KG Berlin, 3 Ws 312/21
Bemerkenswert, dass das OLG auch Zweifel hat, ob der Antrag dem Richter nicht schon vor dem Termin vorgelegen hat.
Anders sieht es (mal wieder) das OLG Frankfurt, das einen Entbindungsantrag gut viereinhalb Stunden vor der Hauptverhandlung nicht als rechtzeitig ansieht. Es nimmt zwar auch eine gebundene Entscheidung an (kein Ermessen des Gerichts), führte dann aber aus, dass dieser unter gewöhnlichen Umständen bei üblichem Geschäftsgang und zumutbarer Sorgfalt des Gerichts vom Richter zur Kenntnis genommen hätte werden können. Bisher ging es nicht nur um die Zeitspanne zwischen Eingang des Antrags und der Hauptverhandlung, sondern auch um die Art der Übermittlung. Bei elektronisch eingereichten Dokumenten ist zu überprüfen, ob dieses an die Geschäftsstelle oder den allgemeinen Anschluss des Gerichts gesandt wurde. In letzterem Fall bedarf es eines deutlichen Hinweises auf die Eilbedürftigkeit. Hier bekommen die Verteidiger verbal Prügel. Es sei zunehmend festzustellen, dass derartige Anträge häufig als nicht von einem sachorientierten, den Grundsätzen einer dem Verfahren dienendenden Handlung eines Organs der Rechtspflege gestellt werden. Es nimmt eine missbräuchliche Inanspruchnahme von verfahrensrechtlichen Anträgen häufiger an, hierbei wird den Verteidigern unterstellt, möglichst viele Gebühren zu generieren (dies wäre der Fall bei einer erfolgreichen Rechtsbeschwerde mit anschließender Zurückverweisung, es würden weitere Anwaltsgebühren anfallen). Bezug genommen wird dann auf die Schäden, die Rechtsschutzversicherungen und ihren Aktionären entstehen, weiterhin wird darauf hingewiesen, dass Gerichte wegen derartiger Vorgehensweisen überlastet seien.
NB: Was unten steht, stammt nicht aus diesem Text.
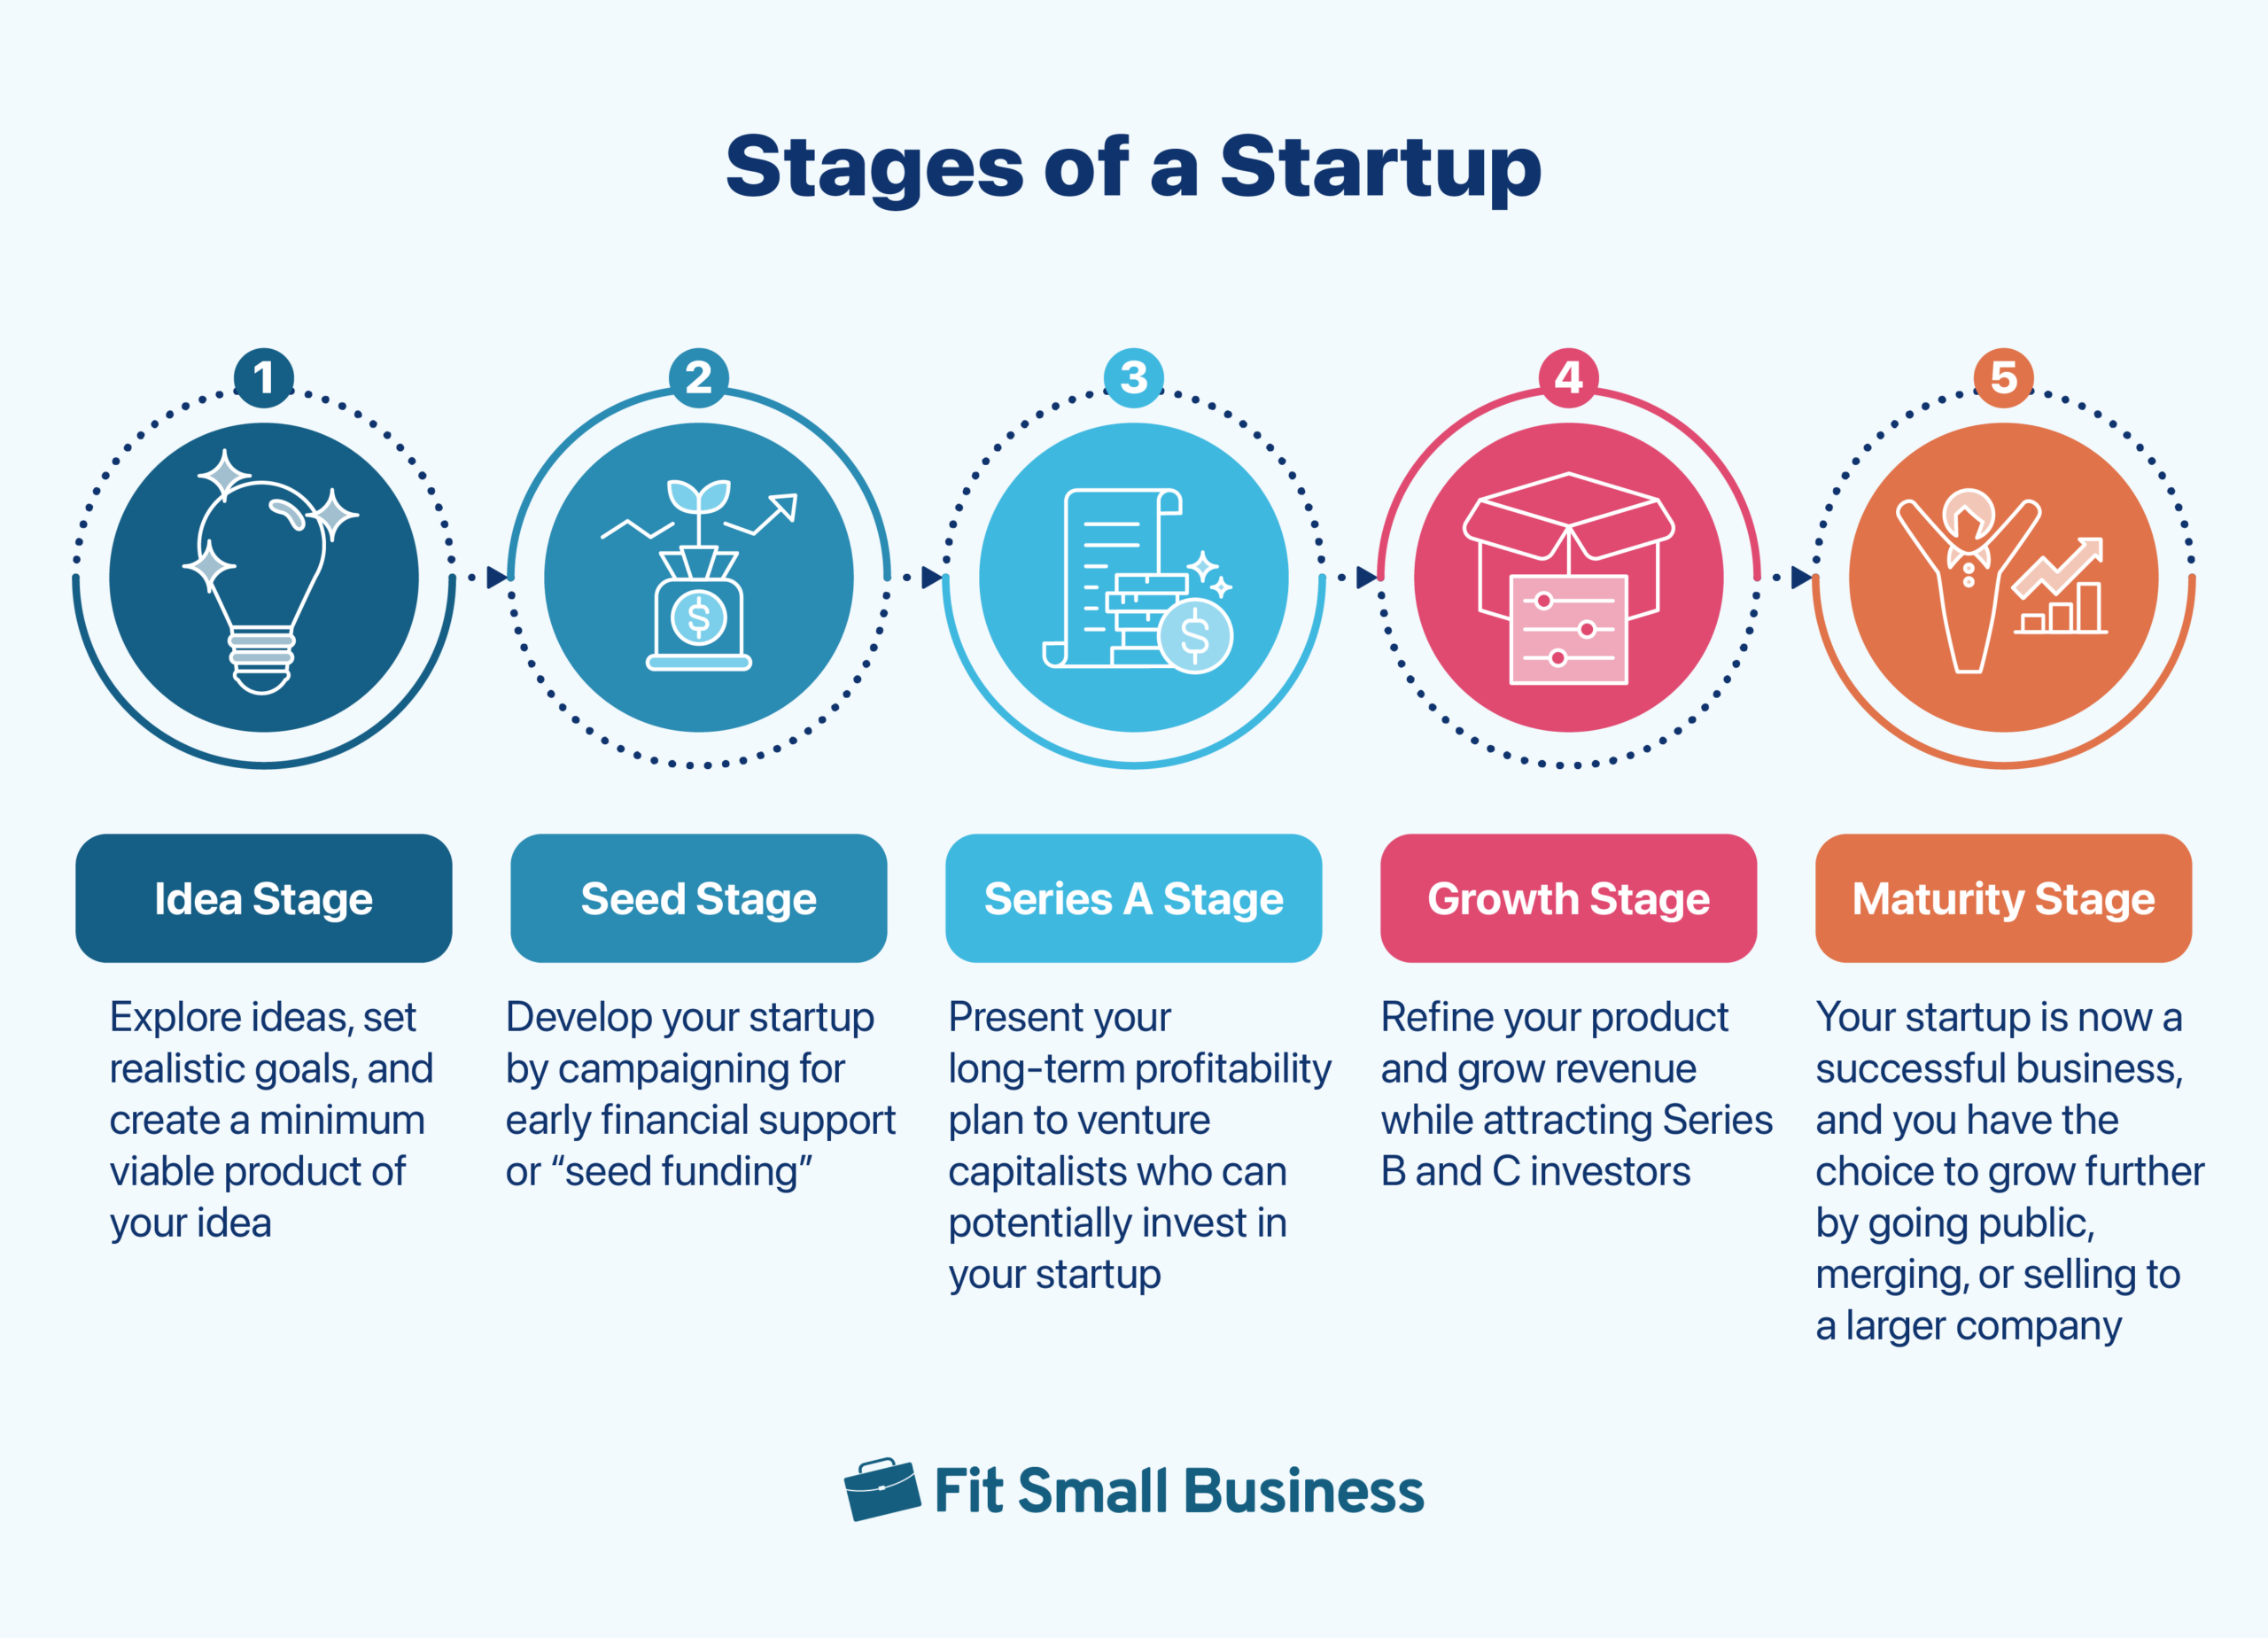 Process infographic of the five stages of a startup, from idea to maturity stages.

Das Gericht erwägt daher, zukünftig Entbindungsanträge nur noch als wirksam anzusehen, wenn diese mindestens 3 Werktage vor der Abwandlung gestellt werden.
Dann erhielt der Verteidiger doch noch ein Lob. Er hat eine zulässige Verfahrensrüge erhoben, der Senat weist darauf hin, dies sei in einer derartigen Konstellation das 1. Mal seit ca. 10 Jahren.
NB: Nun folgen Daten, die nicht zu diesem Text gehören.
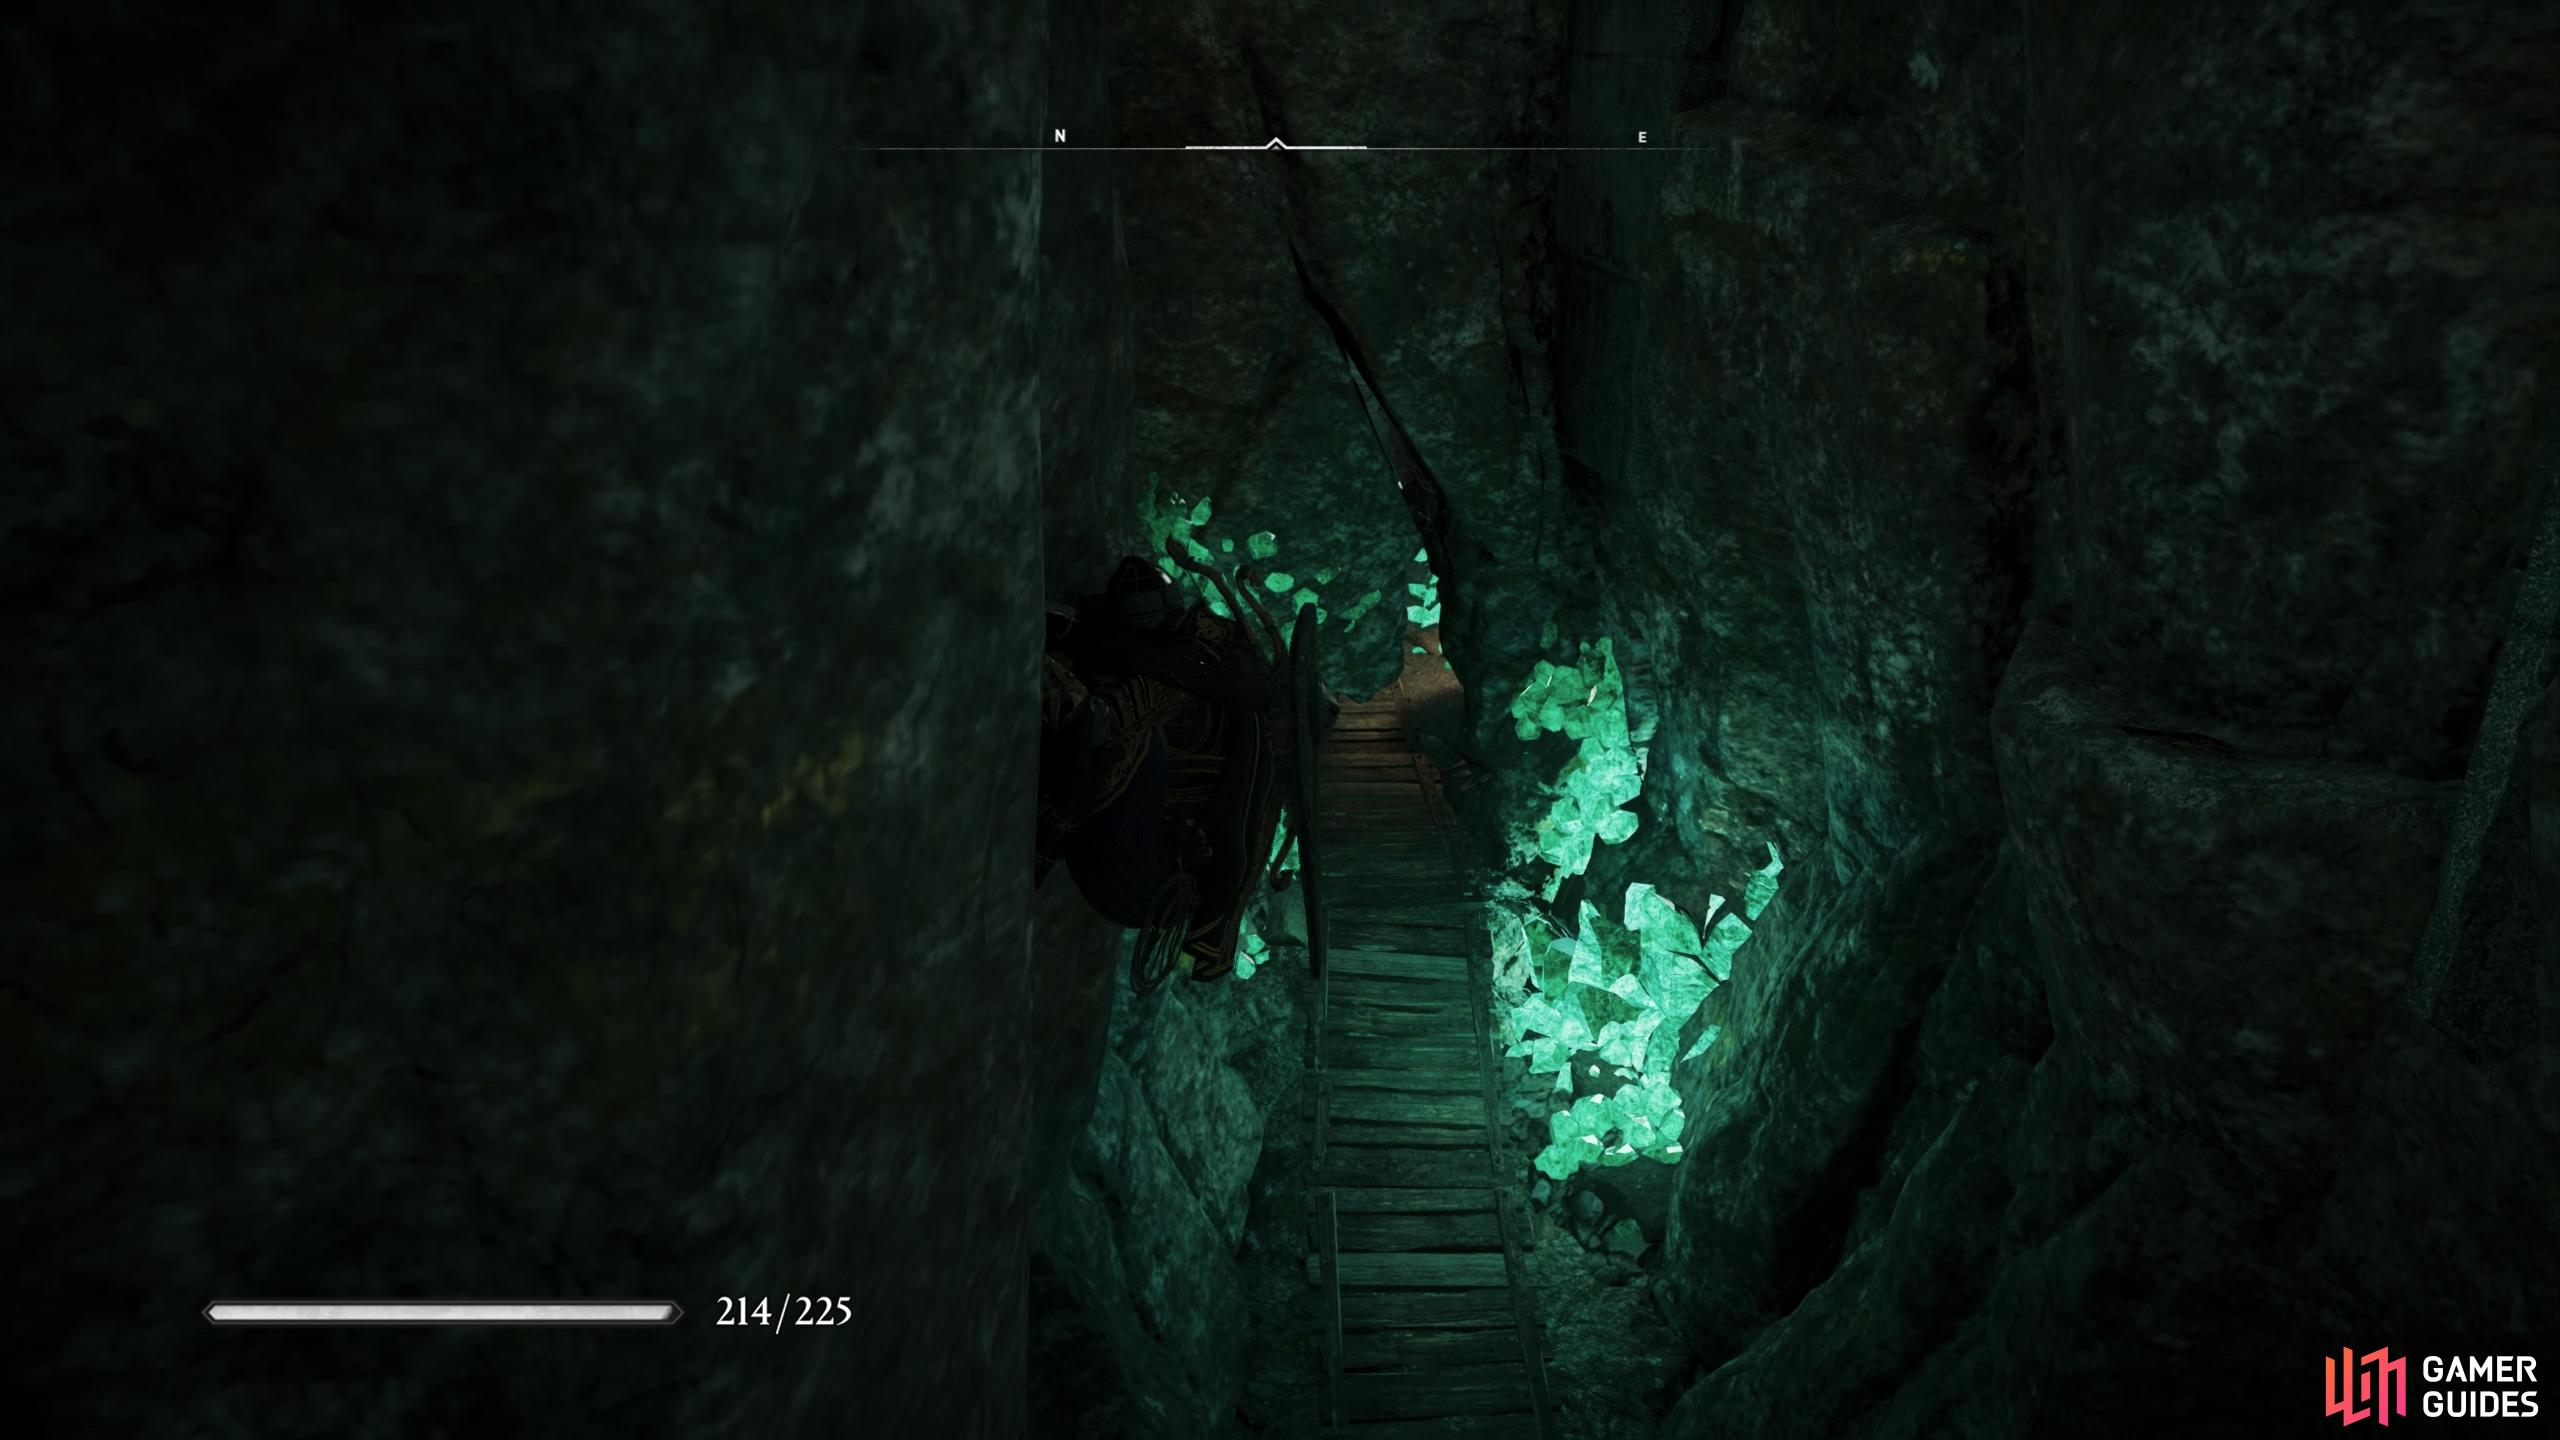 You'll need to look for this crack in the northeast wall to access the area where the merchant Dar resides.

Die Angelegenheit wurde zwar aufgehoben, aber nicht an das Amtsgericht zurückverwiesen. Es erging eine Entscheidung durch das OLG nach § 79 VI OWiG (Verurteilung), einen rechtlichen Nachteil sah das OLG nicht, denn wenn der Betroffene entbunden worden wäre, wäre auch eine Entscheidung auf Basis der Aktenlage ergangen.
OLG Frankfurt, 2 Ss OWi 440/21
Meines Erachtens eine falsche Entscheidung, eine derartige Frist für die Stellung von Anträgen auf Entbindung ist im Gesetz nicht vorgesehen. Außerdem hätte nicht zwingend eine Entscheidung nach Aktenlage ergehen müssen, es hätte ja noch immer ein mit schriftlicher Vollmacht versehener Verteidiger bei Gericht erscheinen können.